Charlo (Salish: sallu) is an unincorporated community and census-designated place (CDP) in Lake County, Montana, United States. The population was 385 at the 2020 census.

The town was named in 1918 after the Salish leader Chief Charlo. Previously it had been called Big Flat, Charlotte, and Tabor.

==Geography==
According to the United States Census Bureau, the CDP has a total area of 5.2 km2, of which 0.03 sqkm, or 0.58%, are water.

Charlo is located in southern Lake County and is 22 mi south of Polson, the county seat. The CDP is within the Flathead Indian Reservation.

Charlo borders several protected areas, including the Herak Waterfowl Production area and Ninepipes Reservoir. These protected areas, along with seasonal flood irrigation, provide habitats for various native fauna such as white-tailed deer, pheasants, bald eagles, and western painted turtles.

Charlo is home to the Owl Research Institute which manages scientific research on Owls of all species. There are also 2 platforms for osprey nests located near the lake. A live cam features real-time video of the birds.

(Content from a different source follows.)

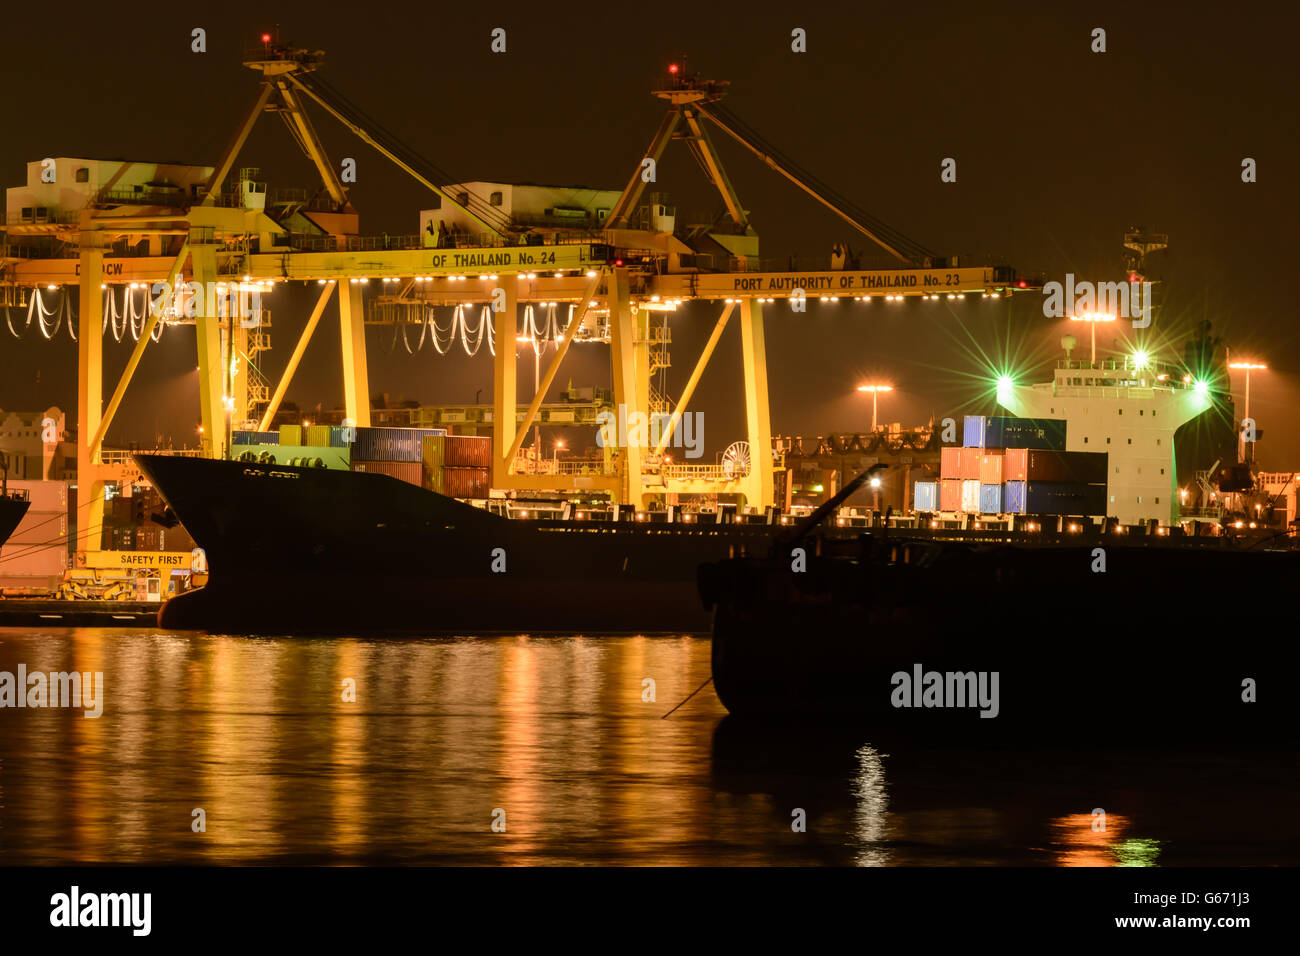 Cargo ship moving load at port Stock Photo

Southwest of Charlo is the CSKT Bison Range, a refuge managed by the Confederated Salish and Kootenai Tribes.

==Demographics==

Historical population
| Census | Pop. | Note | %± |
| 2020 | 385 |  | — |
U.S. Decennial Census

===2020 Data===
At the 2020 census, there were 385 people, 170 households and 133 families residing in the CDP. The population density was 219.4 PD/sqmi. There were 170 housing units at an average density of 193.37/sq mi(74.64/km^{2).} The racial makeup of the CDP was 79.4% White, .26% African American, 11.7% Native American, .52% from other races, and 7.5% from two or more races. Hispanic or Latino of any race were 2.86% of the population.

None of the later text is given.